Prof. Dr. h.c. mult. Hasso Plattner

# Data-Driven Causal Inference

## Probabilistic Machine Learning and Hardware Acceleration

We address open challenges in the context of causal structure learning by improvements in both the application of statistical and probabilistic concepts, and GPU-based acceleration to support a utilization in a real-world context.

## Motivation

The knowledge of the causal structures within complex systems is crucial to many domains. For example in manufacturing, where causal structural knowledge constitutes the basis of error avoidance in a production process. While domain experts within the company have enough expertise to identify the most common relationships, they will require support in the context of both, an increasing amount of observational data and the complexity of large systems. This gap can be closed by algorithms of causal structure learning (CSL) that derive the underlying causal structures from observational data, e.g., error messages and inline measurements of a production process.

## Background

The questions that motivate most data analysis are not associational but causal in nature. What are the causes and what are the effects of events under observation? Nevertheless, the statistical methods commonly used today to answer those questions are of associational nature. But “Correlation does not imply causation!”, and misinterpretation often results in incorrect deduction.

In the recent years, causality has grown from a nebulous concept into a mathematical theory. This is largely due to the work of Judea Pearl (2009) who has received the 2011 Turing Award for “fundamental contributions to artificial intelligence through the development of a calculus for probabilistic and causal reasoning”.
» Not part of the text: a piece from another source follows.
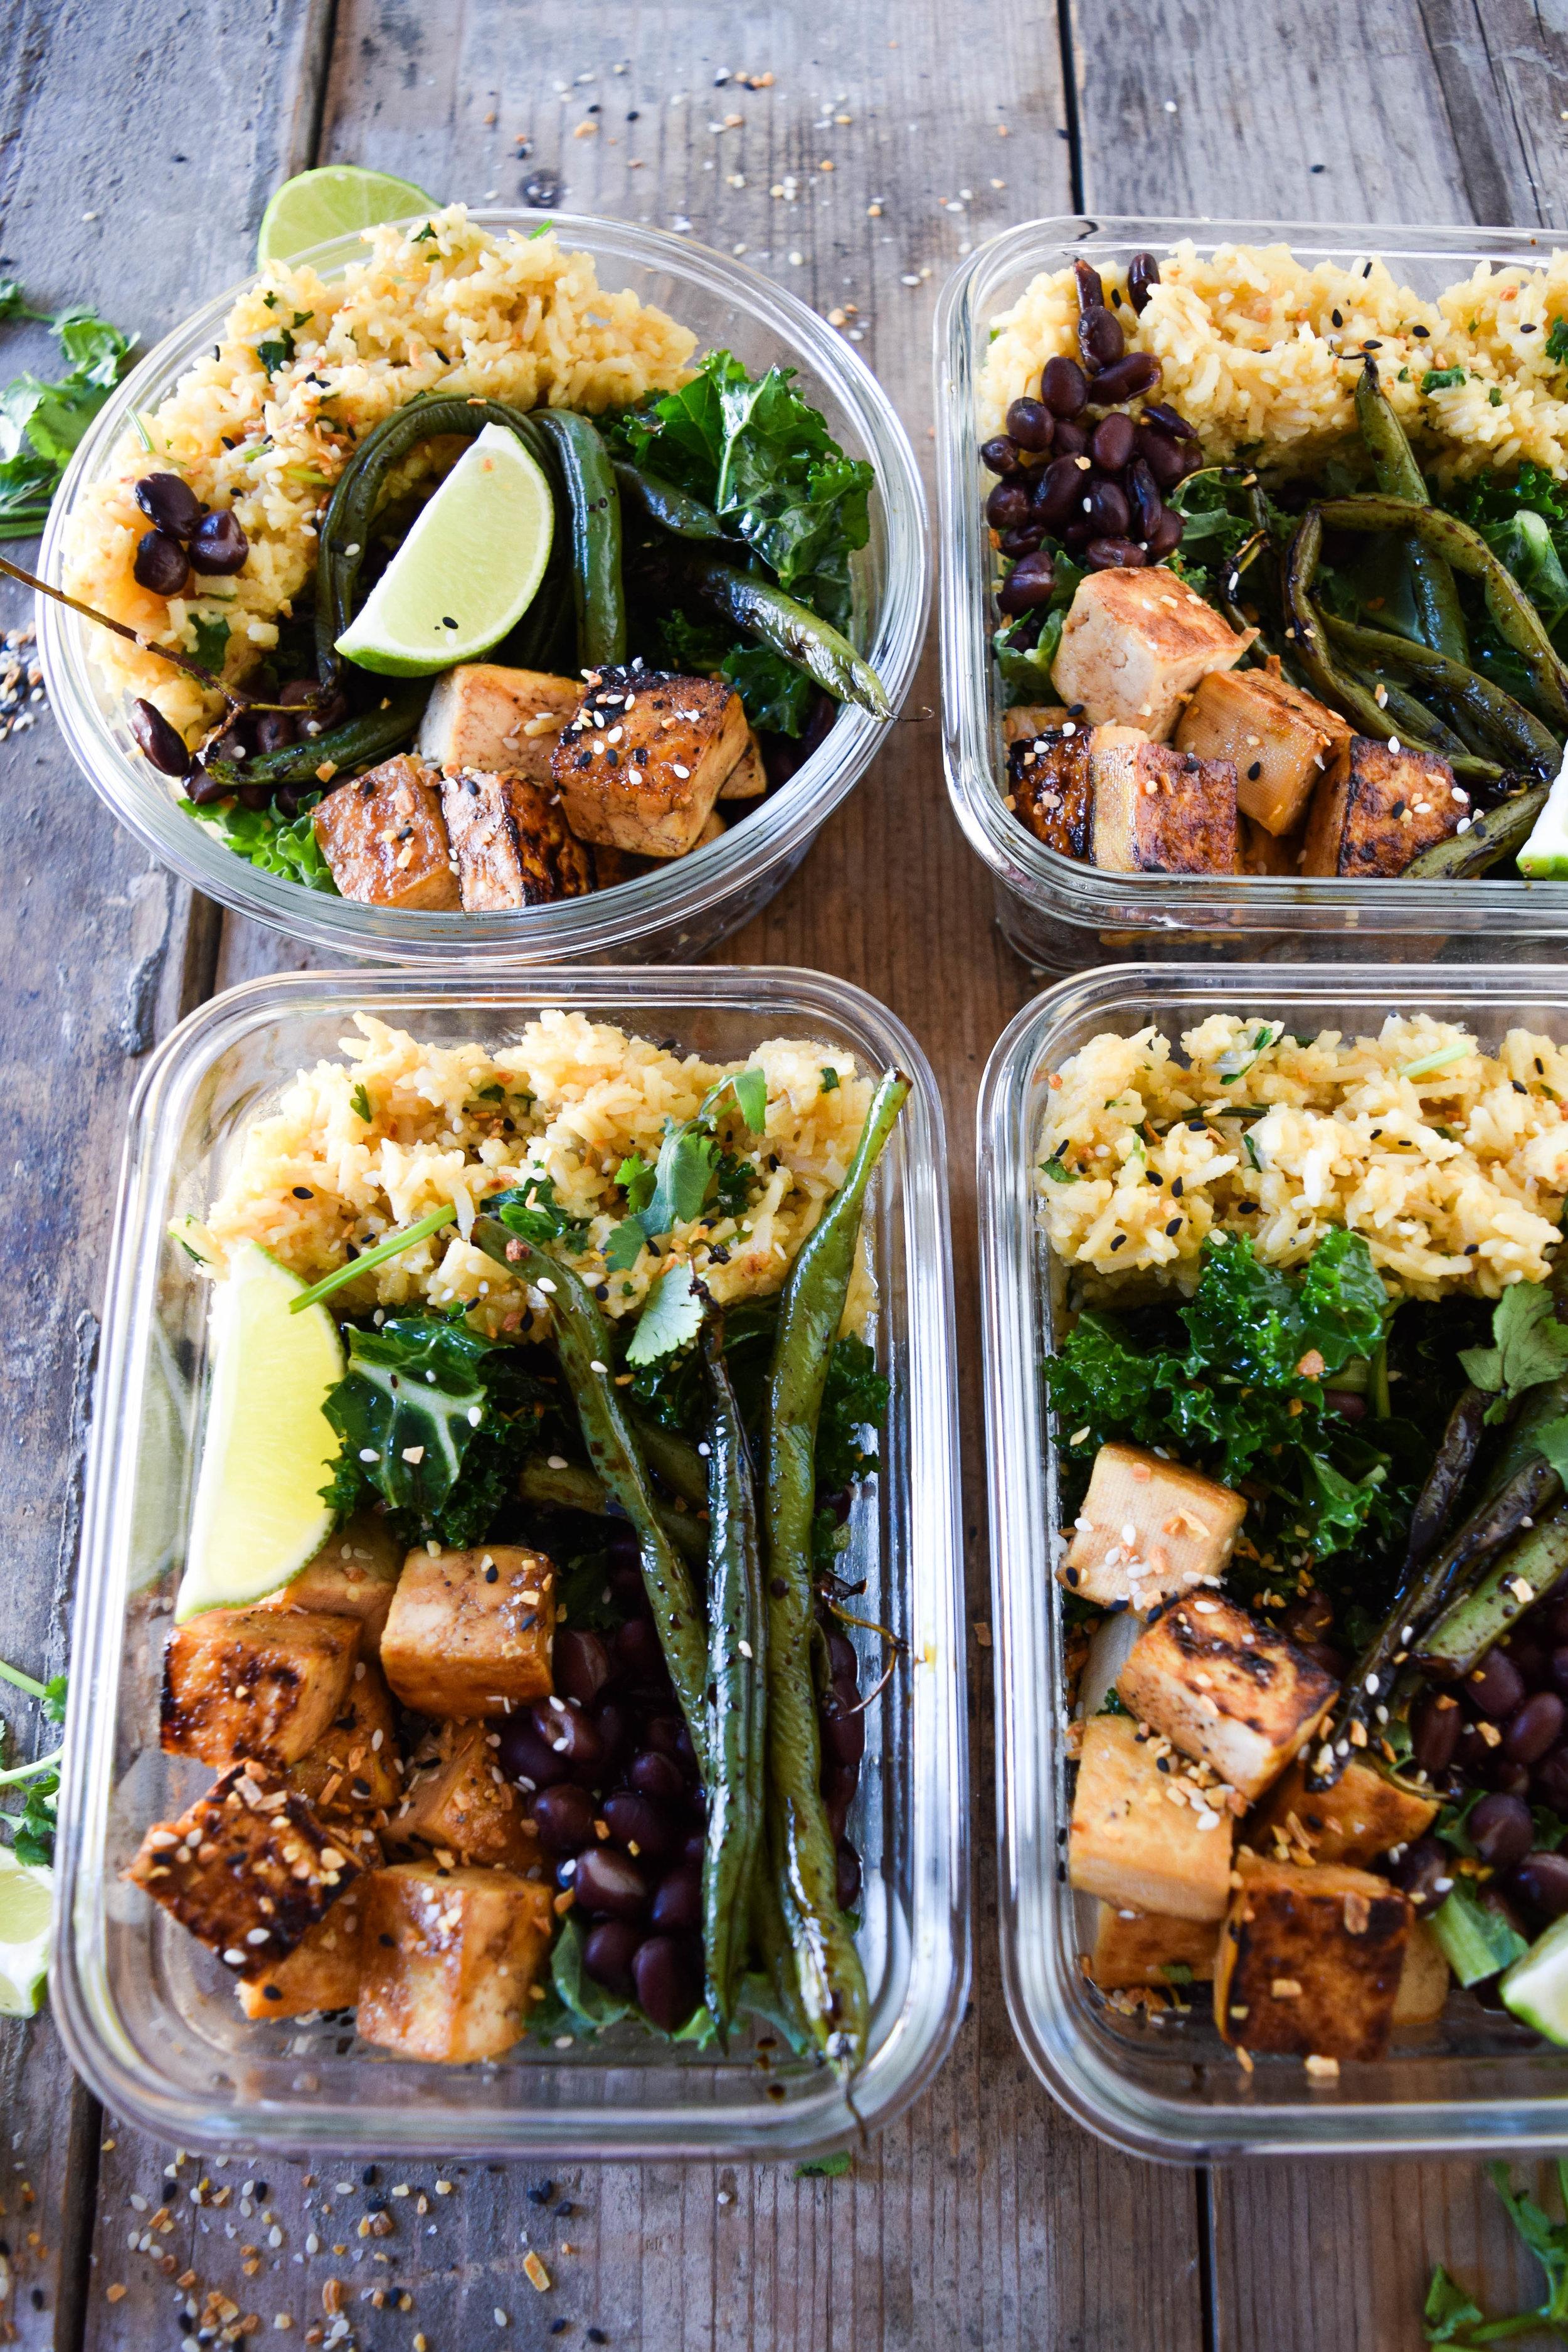 meal-prep-teriyaki-tofu-cilantro-lime-rice-veggies.jpg

The theory of causality is based upon structural causal models which combine features of the structural equation models, the potential-outcome framework of Neyman and Rubin, and the causal graphical models developed for probabilistic reasoning and causal inference. In this framework, causal relationships are encoded in a causal graphical model that incorporates a finite set of nodes and edges representing the involved variables and causal relationships, respectively.

When the true causal structure is given, the so-called do-calculus allows for an identification of the causal effects in the observed system. Moreover, the relationships in the causal graph build the basis of estimation procedures to derive the functional relationships that allows to predict the result of an intervention to the system.

## Research Goals

Our research in the context of data-driven causal inference concentrates on several workstreams that combined aim to allow an efficient application in real-world scenarios.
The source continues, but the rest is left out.